--- DATASET EXCERPT ---
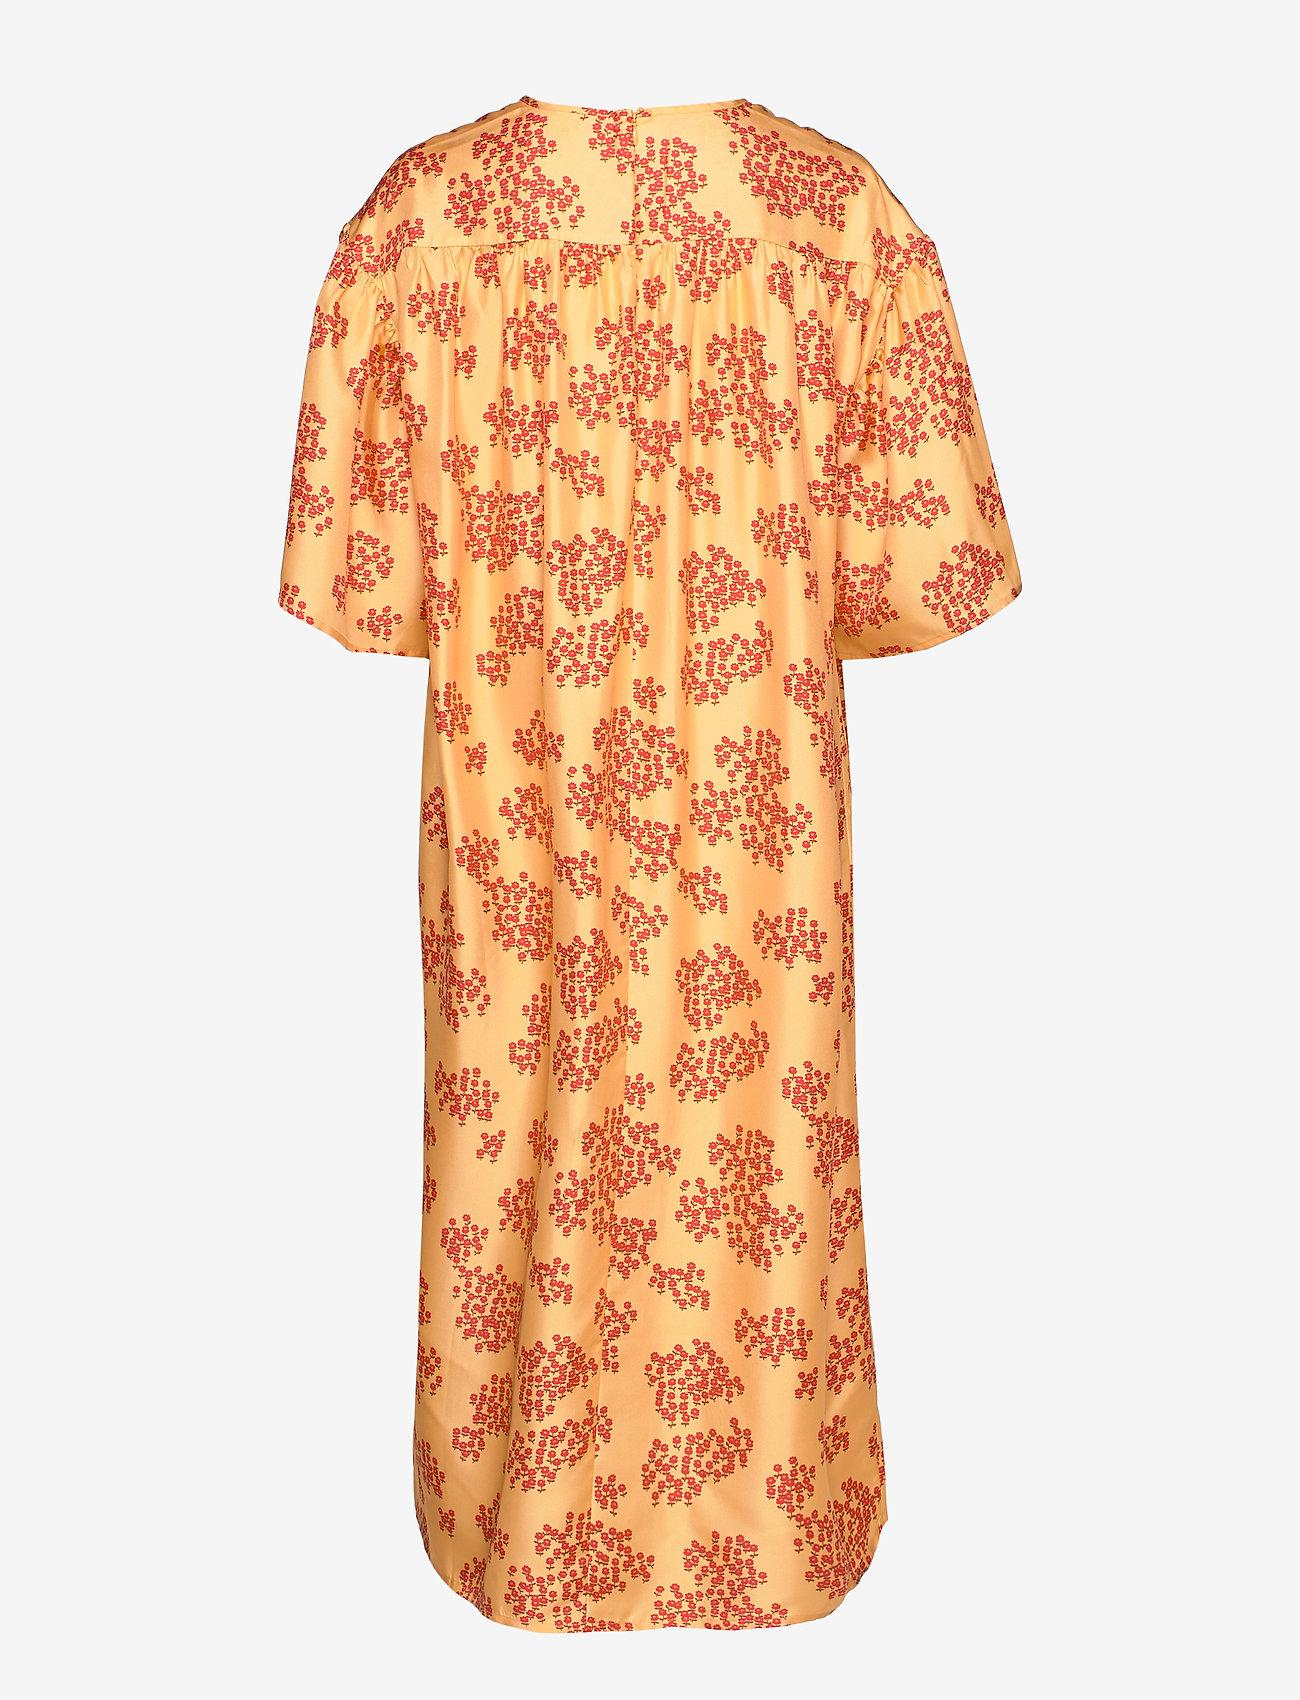 Cosima Dress (Cornsilk) (3006.50 kr) - Lovechild 1979
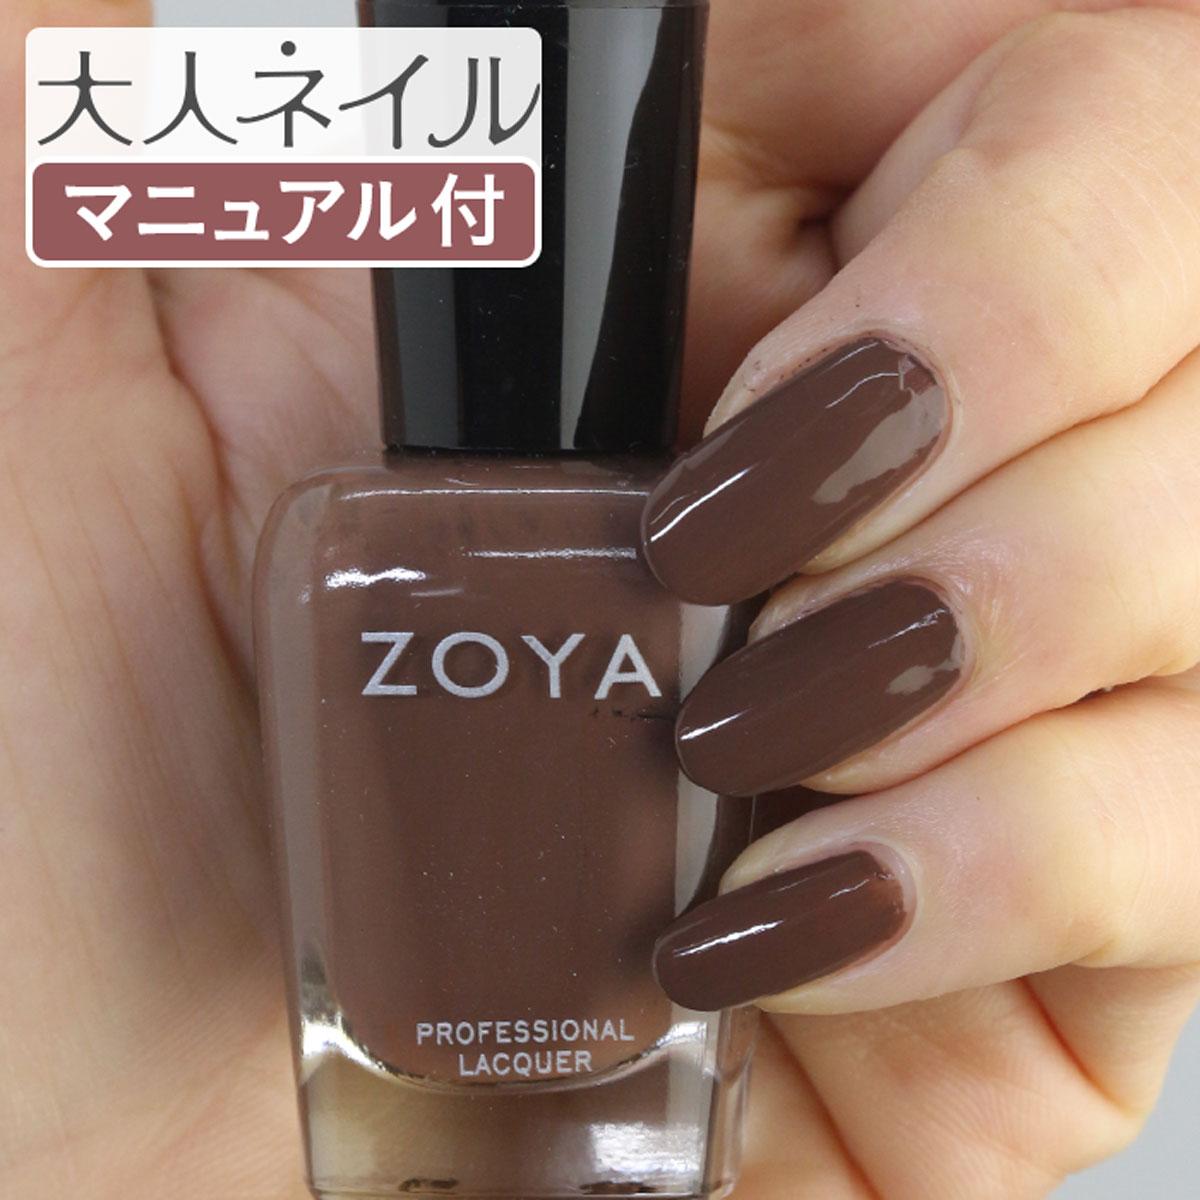 ZOYA ゾーヤ ゾヤ ネイルカラー ZP881 15mL Gina naturel3 自爪 の為に作られた ネイル にやさしい 自然派 マニキュア zoya セルフネイル にもおすすめ ブラウン チョコレート 秋ネイル 秋カラー
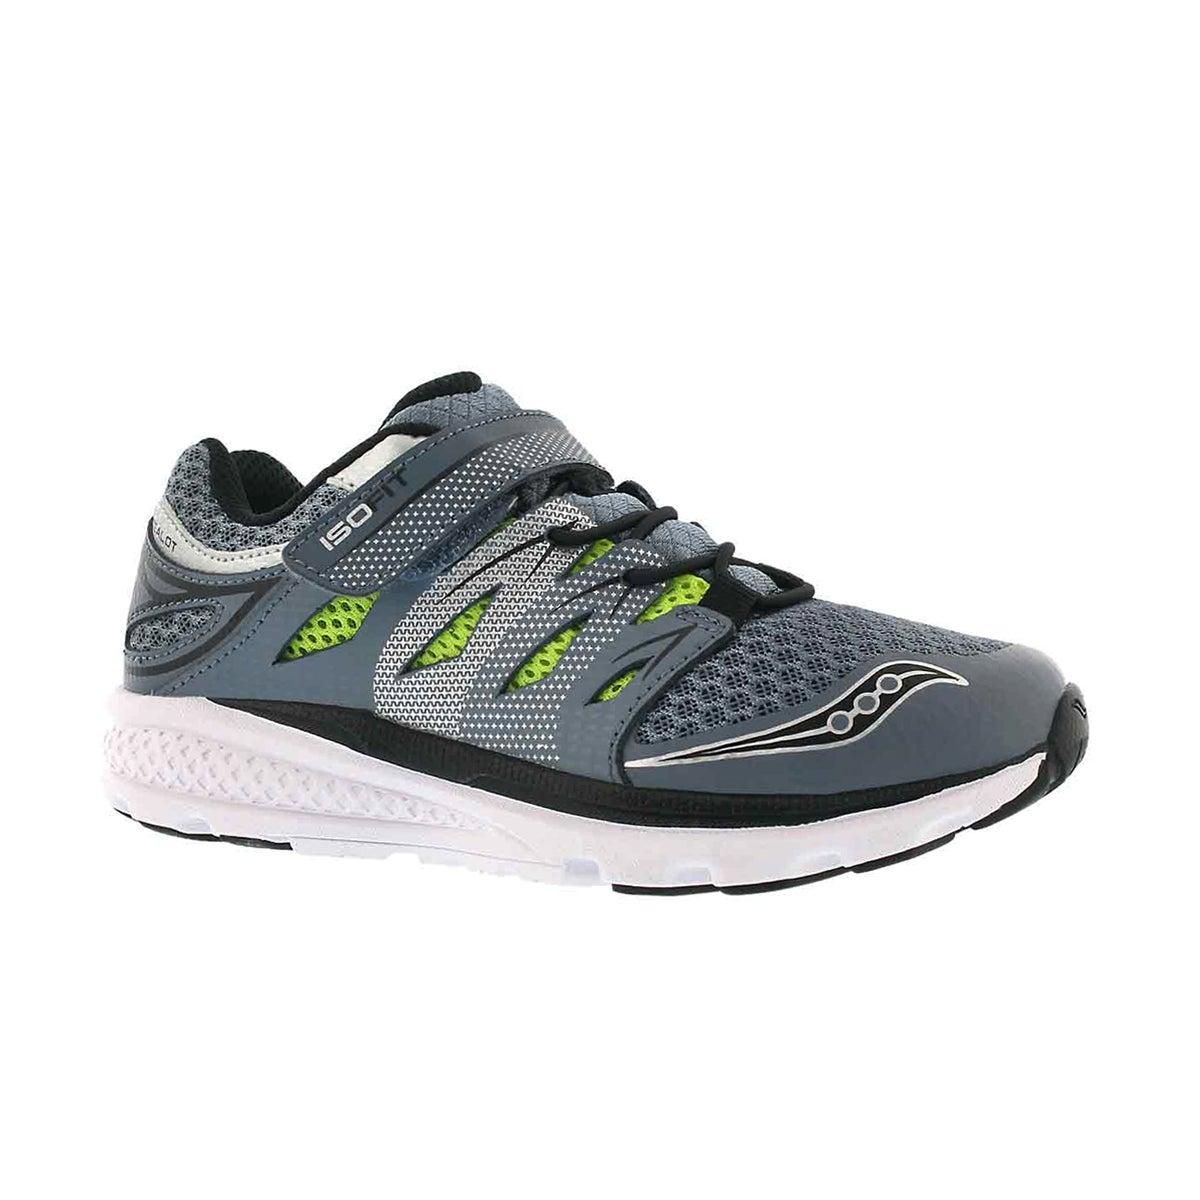 Boys' ZEALOT 2 grey running shoe
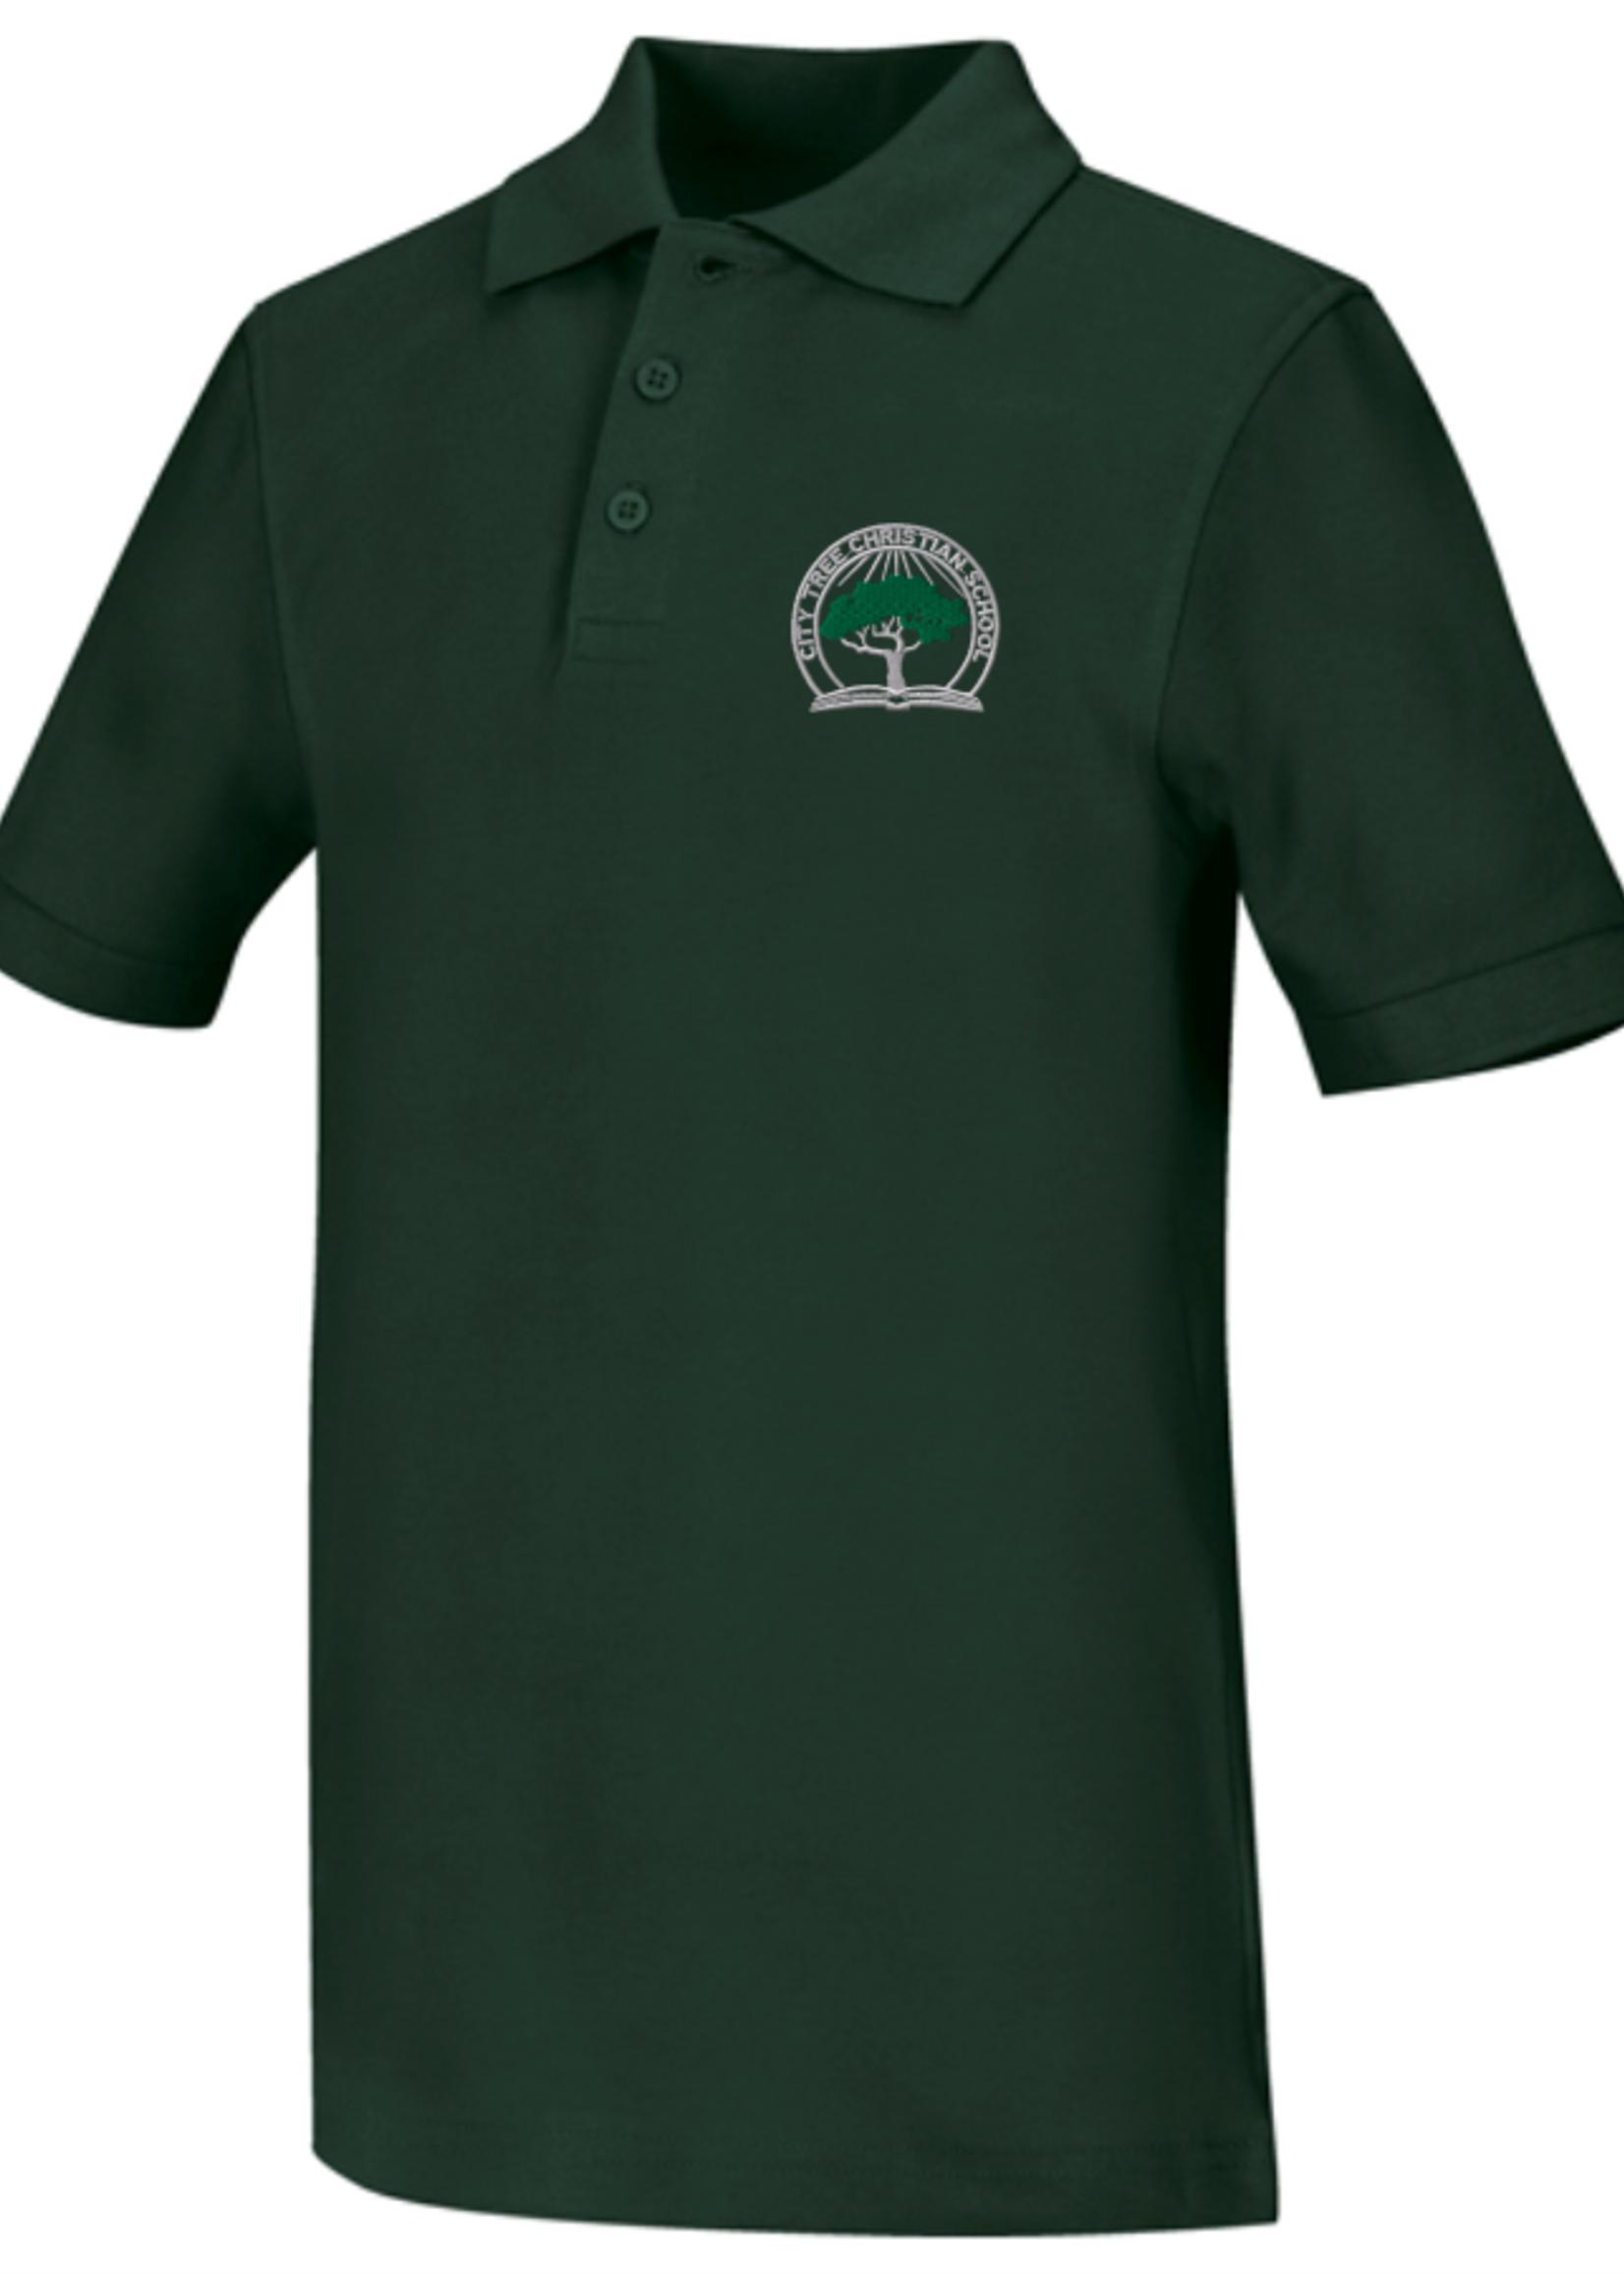 CTCS Value Short Sleeve Pique Polo
---
■ WHAT YOU HAVE TO DO ■
Once the pictures are dropped, repeat the data above exactly.

■ SOLUTION TO THE EXERCISE ■
 Cosima Dress (Cornsilk) (3006.50 kr) - Lovechild 1979
 ZOYA ゾーヤ ゾヤ ネイルカラー ZP881 15mL Gina naturel3 自爪 の為に作られた ネイル にやさしい 自然派 マニキュア zoya セルフネイル にもおすすめ ブラウン チョコレート 秋ネイル 秋カラー
 Boys' ZEALOT 2 grey running shoe
 CTCS Value Short Sleeve Pique Polo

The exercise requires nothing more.